Conning Students and Busting Unions at LIU

On the Saturday before Labor Day, the 400 members of Long Island University Brooklyn’s faculty union (LIUFF) received word from the administration that their salaries, health insurance, campus email accounts, and jobs were being discontinued. Replacement “professors” (scabs recruited as early as July on monster.com) and administrators stepped up to the lecterns to face confused and angry students on the first day of classes as professors filled out unemployment forms at the nearby Brooklyn Commons cafe. The lockout ended last Wednesday with a faculty contract extension until next May. The LIUFF declared victory. And qualified professors returned to classrooms.

LIU’s lockout was unprecedented in higher education. Lockouts normally occur in the industrial sector, not in the service economy where customer satisfaction trumps business disruptions. And lockouts rarely work because the media and the public side with workers who are available to work but are blocked from doing so by management. Lockouts are bad PR. LIU’s administration–led by its president/CEO/union breaker Kimberly Cline—hoped to preempt a faculty strike, but their ploy failed miserably. Perhaps Cline should have consulted labor history. Perhaps she assumed students wouldn’t raise a ruckus. Perhaps she assumed, as is typical of a corporate mindset, that LIU’s students were passive consumers, indifferent to who stood in front of them, as long as they got a grade for the money they paid. Perhaps Cline bet on the fact that this majority minority student population, poor and heavily indebted, couldn’t afford to walk out of classes. But, man, these students were pissed. Hundreds walked out of classes at noon Thursday, the second day of school. The students joined protesting faculty, chanting, “Let us learn!” and faculty chanted in return, “Let us teach!” And, meanwhile, in the midst of the chaos unleashed by a reckless administration, some students had tough choices to make.

The Guardian ran a profile of one such student in a recent piece, “LIU Lockout: US Professors and Students Seen as Disposable Commodities.” The article’s author, Rose Hackman, writes, “The lockout—thought to be the first of its kind in the US—not only signals a worrying turn for the value placed on professors as disposable commodities, but highlights the extra hurdles faced by working class students of color as they seek to fight their way to the American dream.” Hackman highlights the case of Nichia McFarlane, a 24 year-old Brooklyn native, who after running away from a difficult home, worked two full-time jobs and enrolled full-time at LIU. After a difficult time early in her studies, Nichia’s life was changed by an English professor. She won essay awards in the English department, and became an academic star. Her most recent essay reflected on the importance of higher education to the empowerment of women of color. LIU’s faculty empowered Nichia. But then the lockout was announced. Looking forward to courses taught by faculty she knew and esteemed, Nichia realized that might be not be possible. She also received an email from the administration saying the date to withdraw without penalty had been shortened. Feeling coerced and conned, she withdrew from LIU: “As they were locking out faculty, they were trying to lock students in. It felt like a con or a scam. I don’t want to think that about the university I am going to.” Nichia doesn’t know what her next move will be.

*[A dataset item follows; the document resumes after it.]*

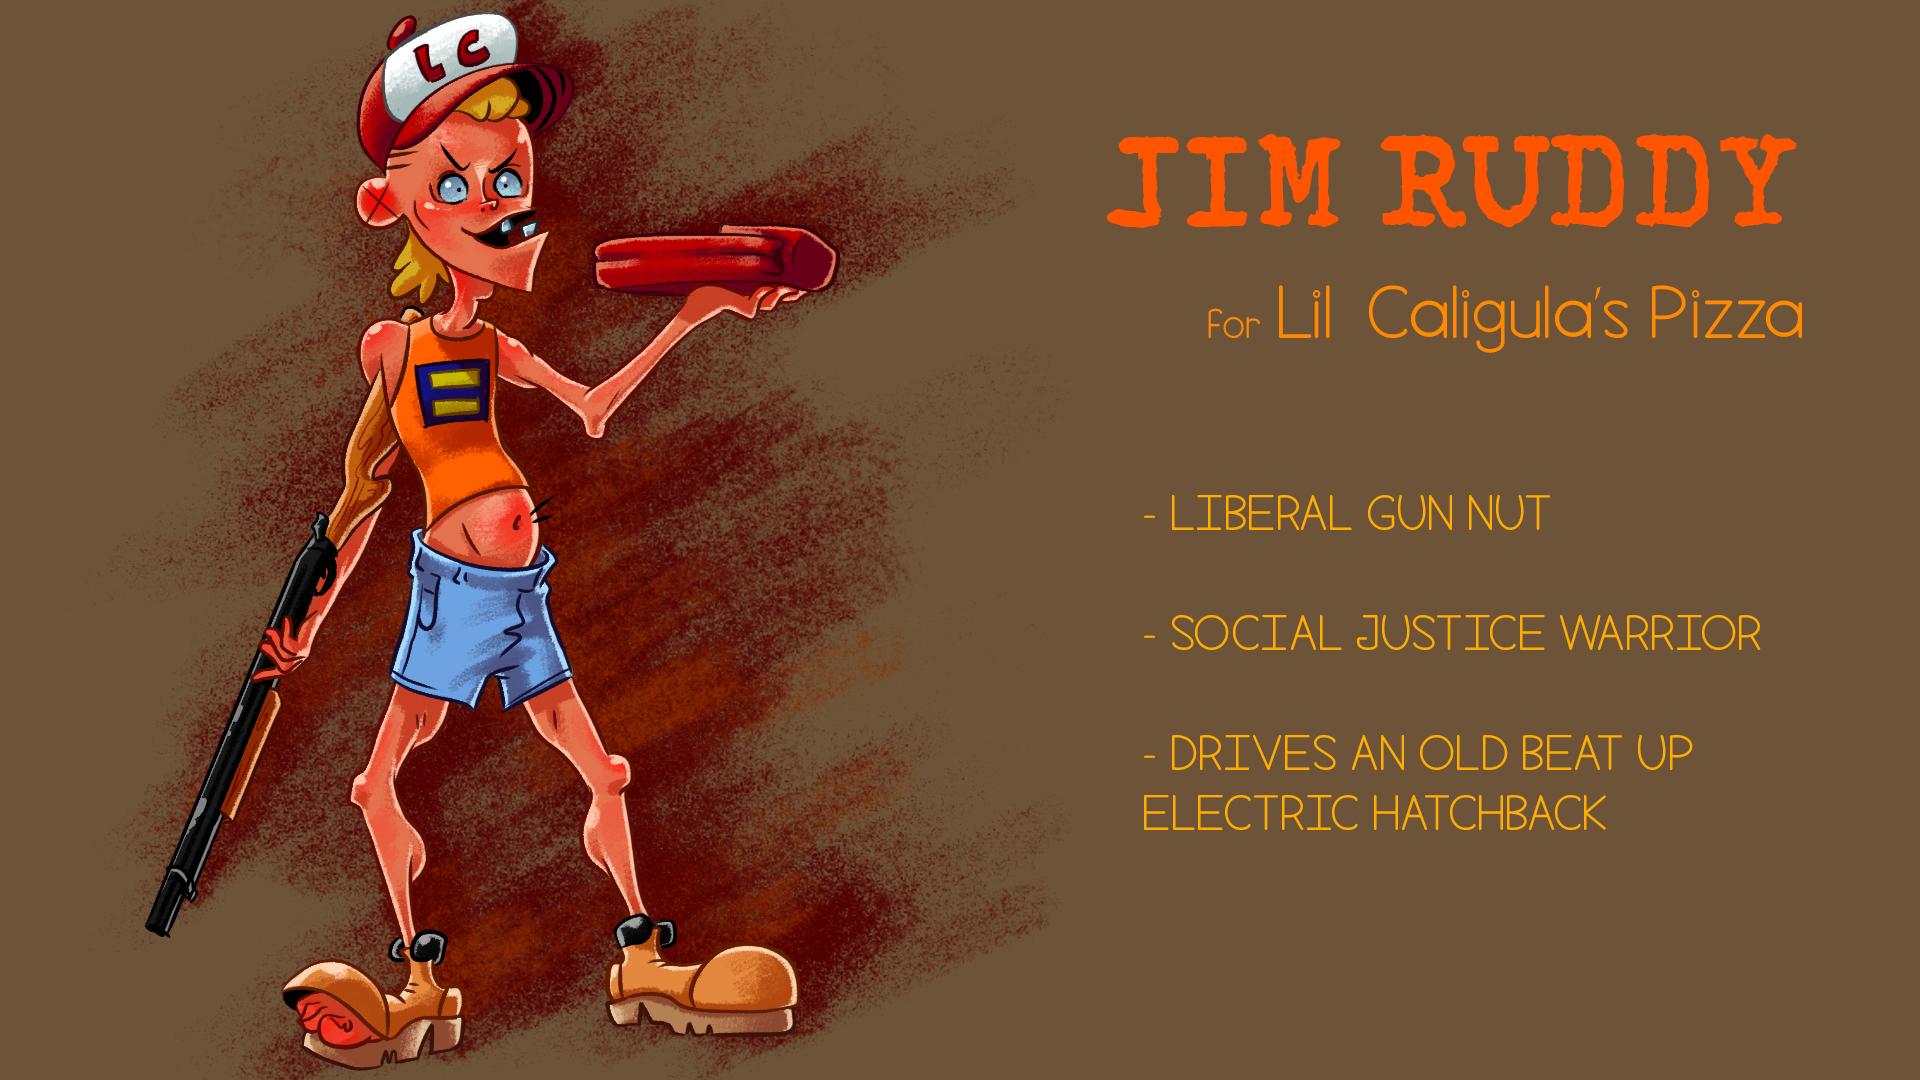 JimRuddy

Nichia’s story has many lessons for us. One lesson has to do with faculty. Her professors changed her life. In her English classes, Nichia, a poor but brilliantly talented woman of color, found a voice and found hope. Kimberly Cline’s lockout has stifled that voice and dimmed that hope. A second lesson has to do with racism. The contract standoff at LIU involves pay parity: faculty at LIU Brooklyn, an urban majority minority campus, make significantly less money than faculty at the main LIU Post campus, a majority white institution located “on the plush 300-acre estate of a cereal magnate, along an area of Long Island known for its opulence, sometimes named the Gold Coast.” Paraphrasing the view of Ben Saunders, an LIU Brooklyn psychology professor, Rose Hackman writes, “[The] campus in Brooklyn is effectively funding the Post campus, echoing critiques long made over the centuries by black public intellectuals: that communities of color are systematically plundered to support unrealistic standards of living for whiter communities.” A third lesson has to do with administrative bloat and exploding administrative salaries. Hired to cut costs, Kimberly Cline went after faculty and unions, while earning about $475,000 a year, about $75,000 more than President Obama. The final and most important lesson from Nichia’s story has to do with the students. The message sent to students at LIU is: The quality of your education doesn’t matter to us. You don’t really matter to us. But your dollars do. And the students, sensing a grand betrayal, cry, “Let us learn!”